All-time top scorers in the World Series Hockey (WSH goals only)
| Rank | Player | Team | Goals |
| 1 | IND Gurjinder Singh | CCO | 19 |
| PAK Syed Imran Warsi | CCH | 19 |
| 3 | IND Len Aiyappa | KL | 13 |
| 4 | IND Deepak Thakur | SP | 12 |
| IND Gurpreet Singh | PS | 12 |
| IND Vikramjit Singh | DW | 12 |
| 7 | IND Prabhjot Singh | SP | 10 |
| CAN Gabbar Singh | CCO | 10 |
| 9 | IND Adam Sinclair | CCH | 9 |
| 10 | PAK Shakeel Abbasi | DW | 8 |

The top goal scorer of the league is awarded with golden stick and a prize money of ₹ 2.5 million (USD 25,000). Apart from this, ₹ 5,000 is given to the players for the goal of the match. Champion team Sher-e-Punjab holds the record for most goals scored (54 in 16 matches). Delhi Wizards and Bhopal Badshahs have conceded the fewest goals (37 in 14 matches).

The highest-scoring matches to date in the World Series Hockey occurred twice: Pune Strykers beat Mumbai Marines and Delhi defeated Punjab. Both the matches ended up 7–5. Out of Pune's 7 goals, 5 were scored by Gurpreet Singh, which is also the most goals scored in a WSH match by an individual.

==Technical committee==
The technical committee for World Series Hockey included Dennis Meredith, former Indian coach Joaquim Carvolho, former captain and one of the best goalkeepers of India Ashish Ballal, former chairman of the International Hockey Federation umpiring committee Peter Von Reth, M.P. Ganesh, Shahbaz Ahmed and Zafar Iqbal.

1996 Atlanta Olympics Indian goalkeeper Alloysius Edwards was chosen as one of the managers of the World Series Hockey, whereas sports medicine expert P. S. M. Chandran, involved with multiple sports at the international level for more than three decades, was elected as chief medical officer.

==Controversies==
The IHF has not been recognised by the International Hockey Federation as the governing body for the sport in India. Instead, the FIH recognises Hockey India as the sole national governing body for the sport. It remained an unsanctioned event as per the FIH statutes.
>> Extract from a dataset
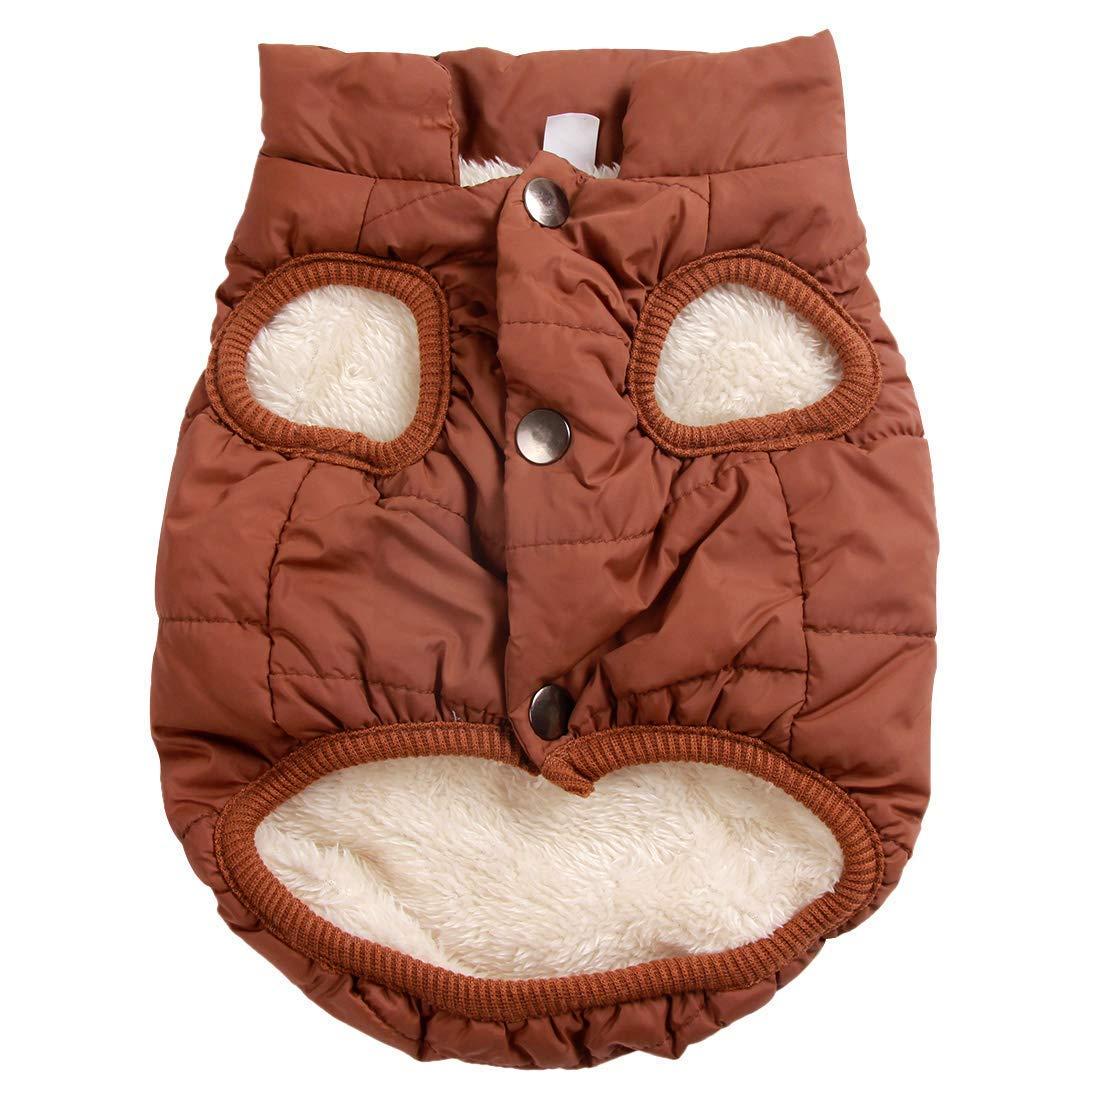 BROWN XXXL BROWN XXXL LLYU Pet Wool Lining Super Warm Dog Jacket Winter Cold Weather, Super Soft Puppy Vest Windproof Puppy Coat (color   Brown, Size   XXXL)

Pakistan Hockey Federation (PHF) has said that any player who participates in the WSH will be banned from domestic competitions. FIH wrote a letter to PHF which clearly stated that the league is unsanctioned and its players would not take part. Earlier, the FIH had stated that those who had signed their contracts before 28 March 2011 could play in the league, but situation has changed. Apart from Rehan, Zeeshan Ashraf, Mudassar Ali, Tariq Aziz, Adnan Maqsood, Waseem Ahmed, Syed Imran Warsi and Shakeel Abbasi were signed to play in WSH.

FIH president Leandro Negre served a direct warning to players looking to participate in the WSH that they will be suspended from international matches. The entire Indian squad signed a contract to play in the league but Negre made it clear that any Indian player who participates will be banned from the Olympic qualifiers and all FIH tournaments.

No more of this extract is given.